Выступление секретаря Карепина вызвало раздражение генерал-губернатора Закревского.

– Наслышан я, милок, о самаринском капитале и рахмановских щах да кашах и считаю оную заботу о преступниках вредной как для самих благотворителей, так и для черни. Почему в моем Ивановском мужики премного довольны? – Граф Закревский встал, прижав шпагу к бедру. Левая рука его, пухлая, обращенная ладонью вверх, походила на благословение, и слова он растягивал, словно читая акафист. – Отчего мои мужики цвет лица имеют здоровый, избы добрые, одежду приличную? Чем достиг я благополучия своих людей? Сие достигнуто тем, что за нерадение и пьянство строго взыскиваю. Кабаков не допущаю. Праздность не милую. Излишняя свобода производит в умах своеволие. Своеволие – пьянство и обнищание, а сии оные есть корень разврата в поступках. Кого эти брюссельские филантропы собрались благодетельствовать? Злодеев! От кого? От закона! Неужто, если у меня две тыщи душ, так я, человек во мнениях старосветский, не имею воли упечь разбойника в Сибирь? Нет-с, господа голландцы, упекал и буду упекать! Сек на конюшне и сечь буду!

– Вы, князь, в сердцах мечете в нас свои перуны, – немощным голосом успокоил некоторый ропот заседания митрополит. – Что ж до новых веяний, которые с задором, извинительным неопытности, представил нам ваш чиновник господин Пустошин, то следует поблагодарить его, памятуя, конечно, что в европейских столицах много для Первопрестольной неготового и даже мечтательного. Помнится, хотели и в Петербурге у Лигова канала устроить замок, подобный Пентонвильскому, да отложили. Помнишь ли, Степан Петрович?

– Да что тут длинно говорить, – встрепенулся сенатор Жихарев. – Все мы прогрессисты хоть куда, да только не в ту сторону. По мне, тюрьма она и есть тюрьма, хоть деревянная, хоть мраморная, круглая она или квадратная, сидеть ли одному или с другими, – в чем тут разница? Пушкину и камер-юнкерский мундир был не лучше арестантского халата.
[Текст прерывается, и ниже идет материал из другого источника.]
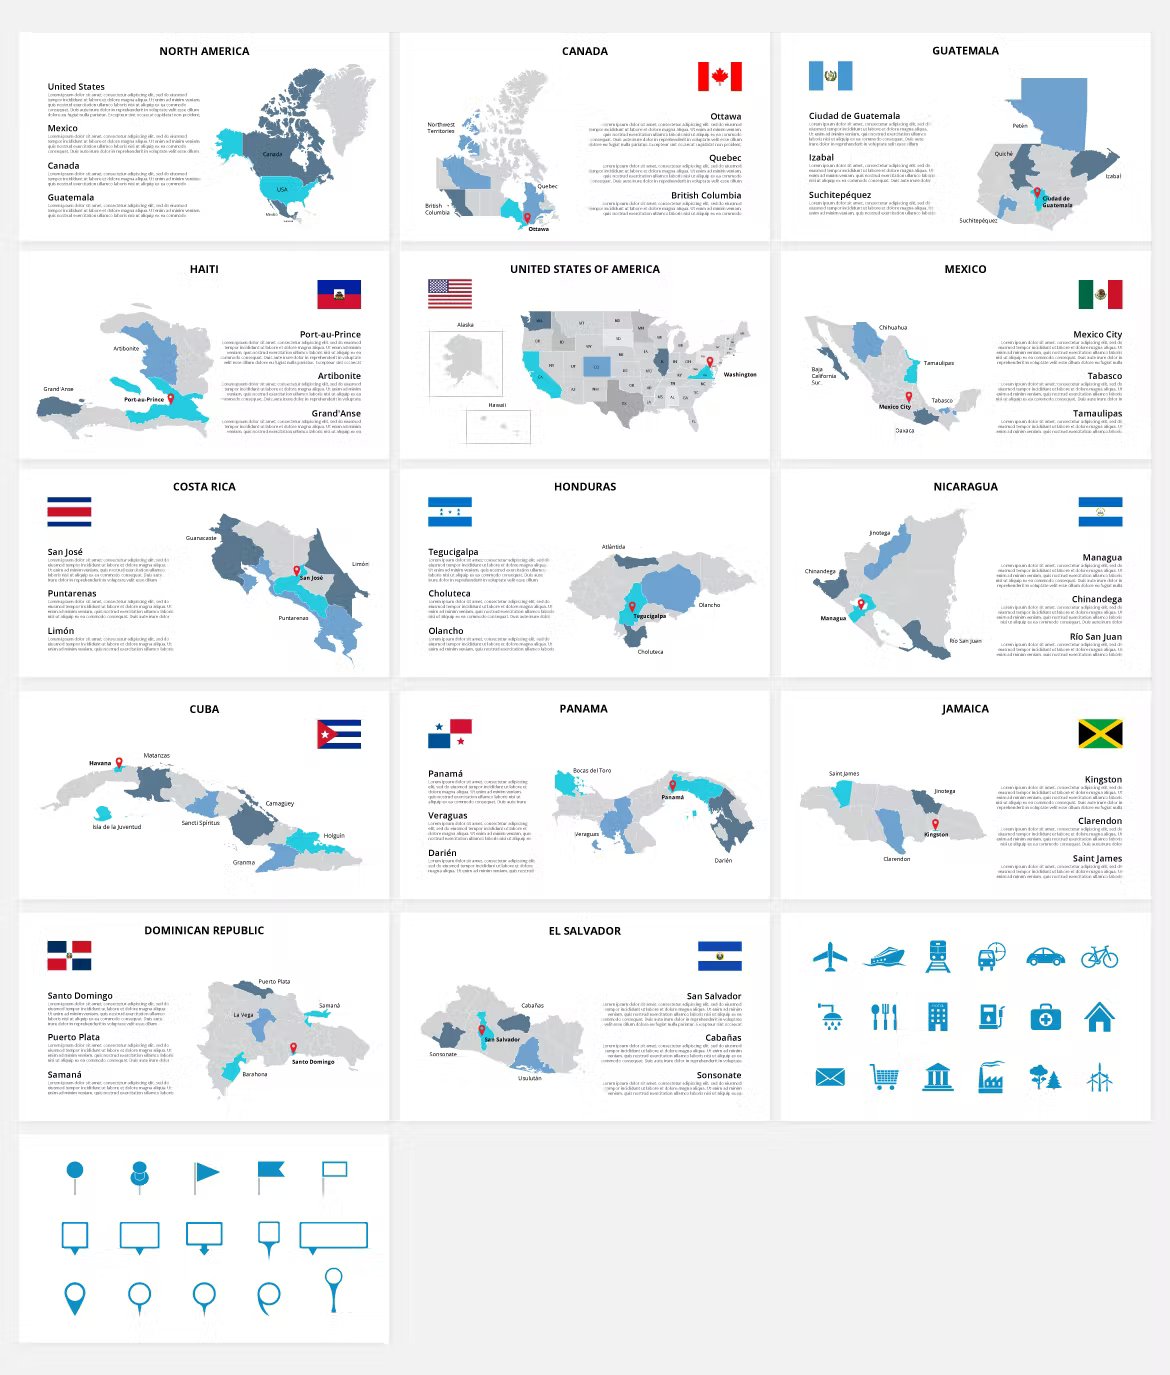 A set of 16 different animated north america maps powerpoint templates in gray, blue and white on a gray background.
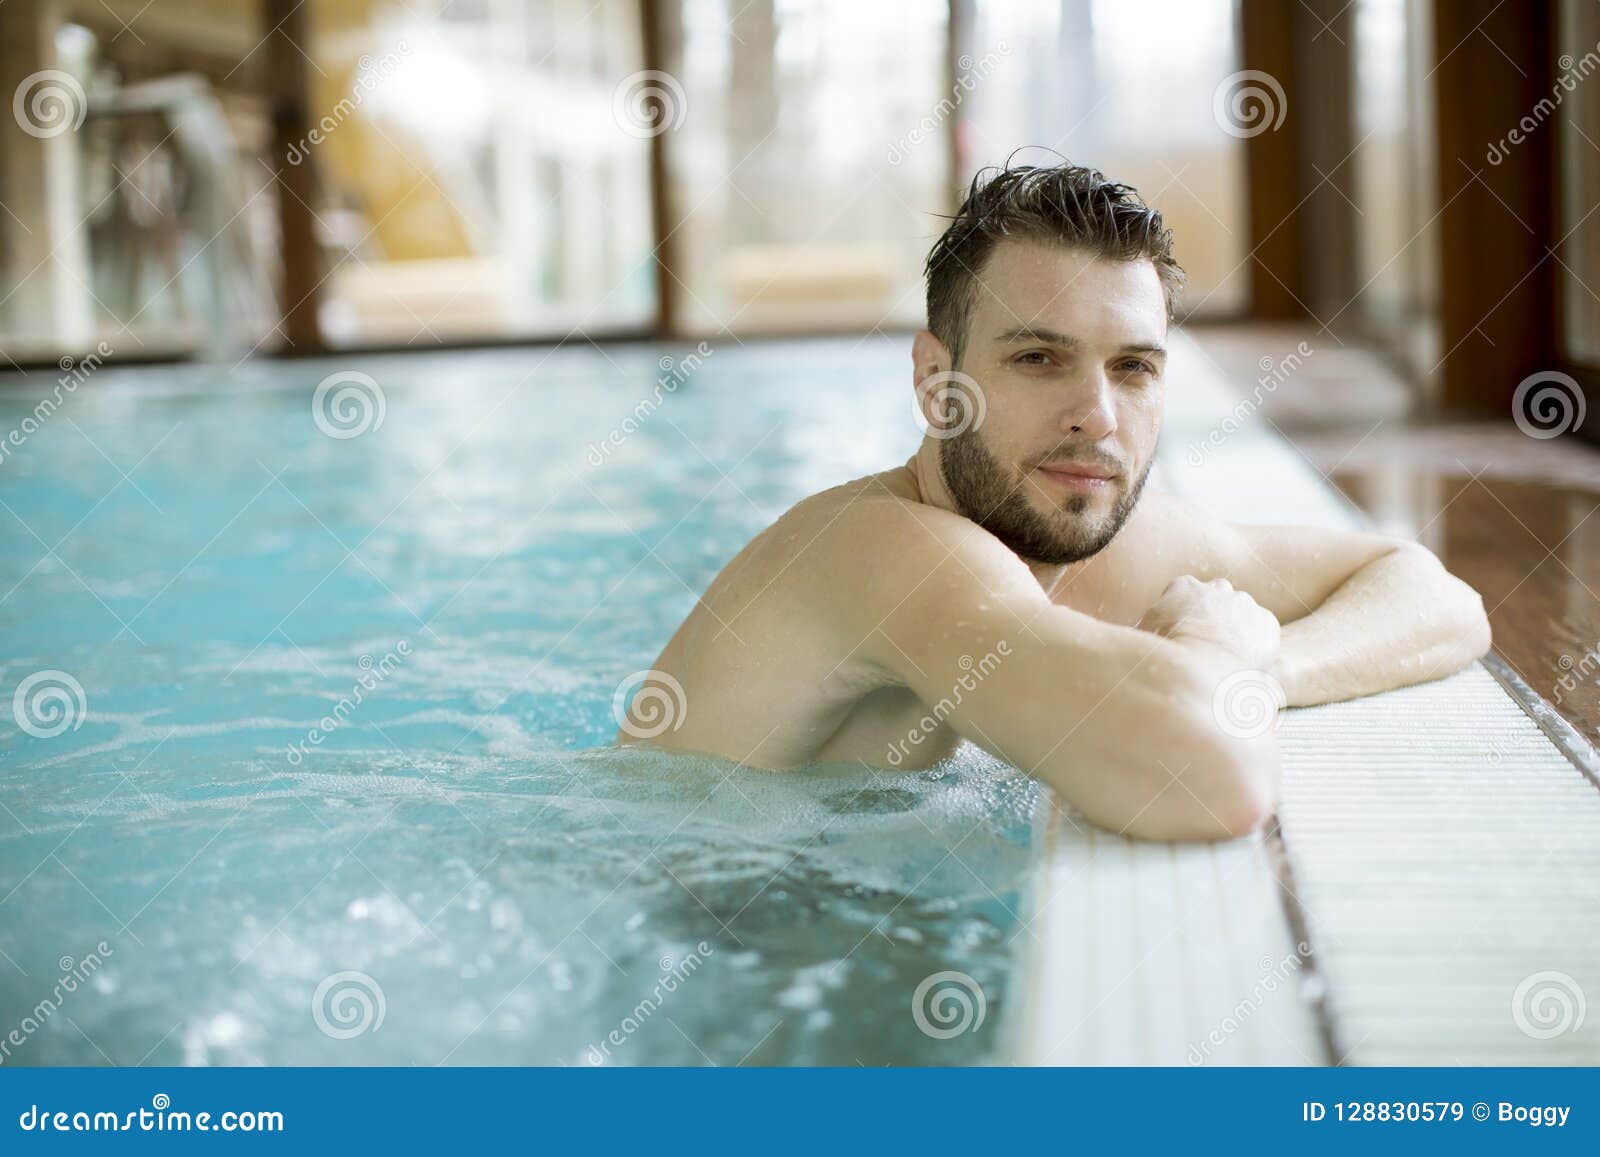 Handsome Young Man Relaxing In Hot Tub Stock Image Image Of Caucasian Thalassotherapy 128830579

Заметив, как побагровело лицо графа Закревского, секретарь Карепин зачастил: «Господа, господа! Да господа же!..» А я при словах Степана Петровича Жихарева вспомнил знакомство на конгрессе с американским квакером преподобным Джеймсом Финлеем. Слова его привели меня в смятение: «Если бы всех нас заставили жить по-тюремному на протяжении двух-трех поколений, мир в конце концов стал бы лучше. Если же общество действительно хочет уничтожить преступления и преступников, оно должно уничтожить различие между большими и маленькими людьми».

Представляю, какой фурор произвели б сии слова на Тюремный комитет! Конечно, я благоразумно оставил их при себе. Но меня удивило молчание Гааза – ведь я знал, как решительно выступал он против одиночных тюрем, называя их не иначе как изощренным мучительством.

Потом слушали казначея Розенштрауха, лютеранского пастора, – о счетах по ремонту Старой Екатерининской больницы, о сорока пяти рублях, уплаченных Гаазом за бандажи для арестантов, страдающих грыжею.

– Комитет не считает себя обязанным взять этот расход на себя, предоставляя господину Гаазу самому изыскать средства.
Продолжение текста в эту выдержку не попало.